Embolie pulmonaire à risque intermédiaire-élevé : la thrombolyse dirigée par cathéter change-t-elle la donne ?
L'embolie pulmonaire à risque intermédiaire haut, définie par l'association d'une dysfonction ventriculaire droite et d'une élévation de la troponine sans instabilité hémodynamique, expose à un risque de décompensation secondaire.
La thrombolyse systémique corrige ce risque mais au prix d'un excès d'hémorragies majeures, ce qui explique qu'elle reste réservée aux formes à haut risque. La thrombolyse dirigée par cathéter délivre l'agent fibrinolytique directement au contact du thrombus, avec des doses réduites. Il s'agit d'une procédure simple et peu coûteuse, réalisée en salle de cathétérisme.
Les données disponibles reposaient jusqu'ici sur des séries non contrôlées et de petits essais centrés sur des critères d'imagerie. PRAGUE-26 avait pour objectif de confronter cette stratégie au traitement de référence sur un critère clinique.
PRAGUE-26 : comparaison entre thrombolyse dirigée par cathéter et anticoagulation seule
PRAGUE-26 est un essai prospectif, multicentrique et randomisé en ouvert, conduit dans 11 centres tchèques à haut volume. Les patients présentant une embolie pulmonaire aiguë à risque intermédiaire-élevé, définie selon les recommandations ESC 2019, étaient randomisés selon un rapport 1:1 entre thrombolyse dirigée par cathéter, sans assistance ultrasonore, et anticoagulation seule par héparine non fractionnée intraveineuse ou héparine de bas poids moléculaire sous-cutanée.
Le critère de jugement principal associait mortalité toutes causes, récidive d'embolie pulmonaire et décompensation ou collapsus cardiorespiratoire, selon des critères préspécifiés, dans les sept jours suivant la randomisation.

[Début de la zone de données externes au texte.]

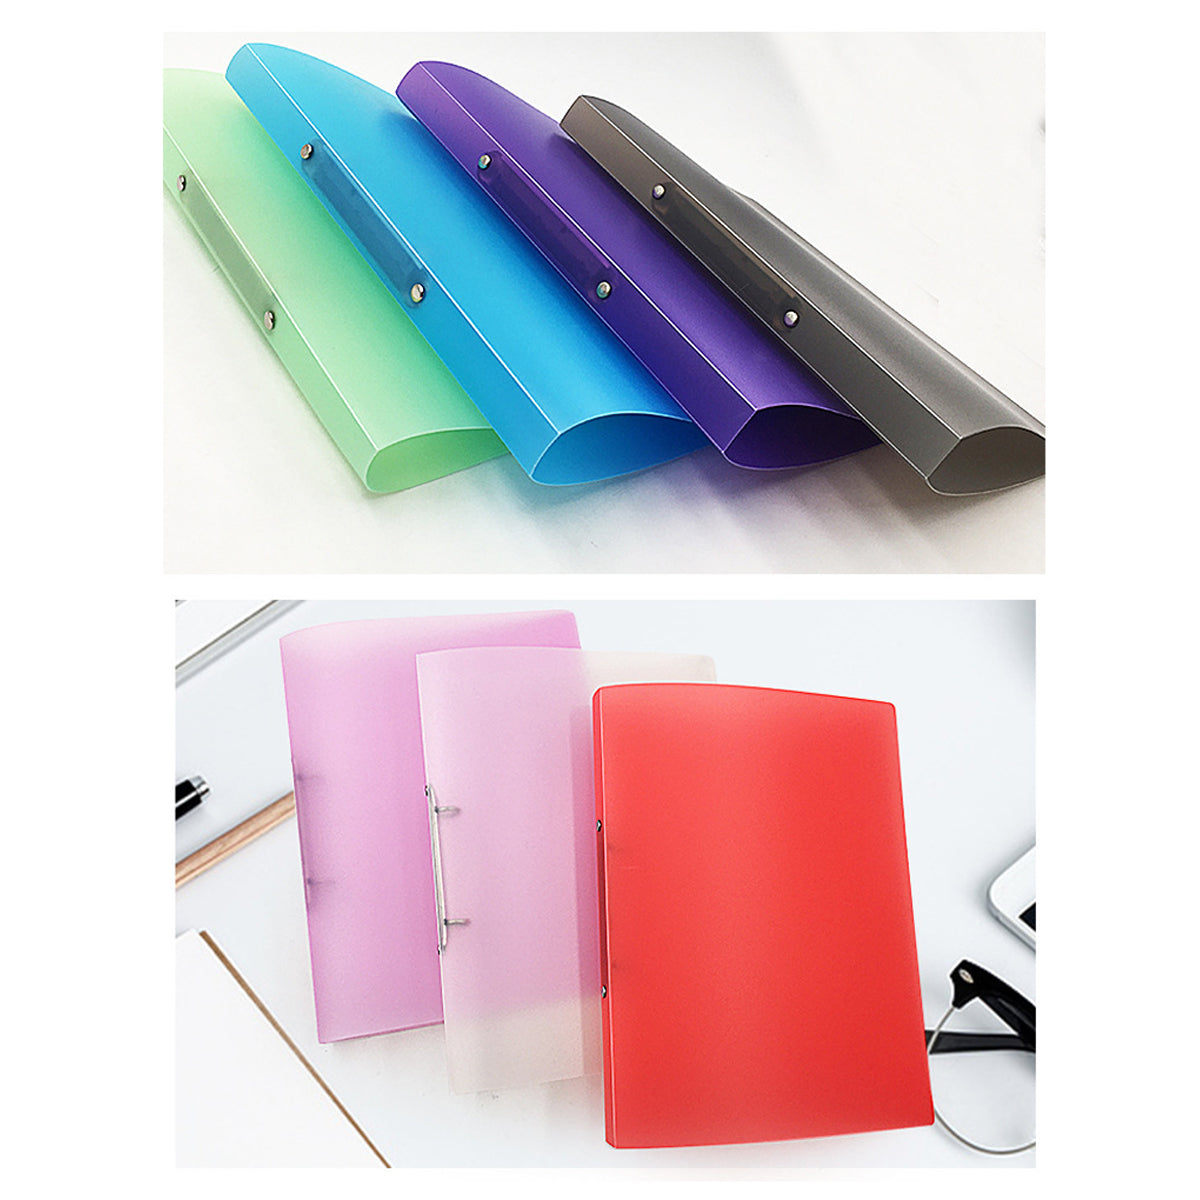 2 Ring Binder,Binder Organizer Holds 8.5’’ x 11’’ Paper with Tag

Au total, 558 patients ont été randomisés, d'un âge médian de 64 ans, dont 41 % de femmes.
Résultats de l’étude PRAGUE-26
La thrombolyse dirigée par cathéter, comparativement à l'anticoagulation seule :
- Réduit le critère principal composite de 90 % à sept jours (0,7 % contre 6,8 % ; RR = 0,10 [0,02-0,44] p < 0,001), avec un nombre de sujets à traiter de 16 patients,
- Doit ce bénéfice principalement à la diminution des décompensations ou collapsus cardiorespiratoires,
- S'accompagne d'une amélioration précoce du retentissement ventriculaire droit en échocardiographie,
- Ne montre pas de différence significative sur les événements hémorragiques à sept jours (4,6 % contre 5,0 % ; p = 0,846).
Deux hémorragies intracrâniennes sont survenues dans le groupe thrombolyse, contre aucune dans le groupe anticoagulation. Quatre décès sont survenus dans le groupe anticoagulation dans les sept jours, contre un décès dans le groupe thrombolyse à trente jours.
Figure 1 : Graphical abstract of PRAGUE-26 (ESC 2026)
Conclusion
- PRAGUE-26 démontre qu'une thrombolyse dirigée par cathéter, simple et sans assistance ultrasonore, améliore le pronostic à court terme de l'embolie pulmonaire à risque intermédiaire-élevé.
- Le bénéfice porte essentiellement sur la prévention de la décompensation cardiorespiratoire, sans surrisque hémorragique global apparent.
- La faisabilité de cette stratégie a été établie à l'échelle d'un réseau national de centres tertiaires, selon un modèle organisationnel comparable à celui de l'infarctus du myocarde.
L'ampleur de l'effet, avec une réduction de 90 % du critère principal, doit être interprétée en tenant compte du caractère ouvert de l'essai. La décompensation cardiorespiratoire, composante qui porte l'essentiel du bénéfice, repose sur une appréciation clinique susceptible d'être influencée par la connaissance du traitement reçu, contrairement à la mortalité.
Le profil de sécurité mérite également d'être suivi. L'absence de différence sur les hémorragies globales est rassurante, mais les deux hémorragies intracrâniennes survenues sous thrombolyse rappellent que le risque neurologique, bien que rare, reste le facteur limitant de toute stratégie fibrinolytique.
Enfin, l'essai a été conduit dans un seul pays et exclusivement dans des centres à haut volume, ce qui limite la transposabilité directe des résultats. Les nouvelles recommandations européennes sur l'embolie pulmonaire, attendues en 2027, devront préciser la place de cette stratégie et les critères de sélection des patients.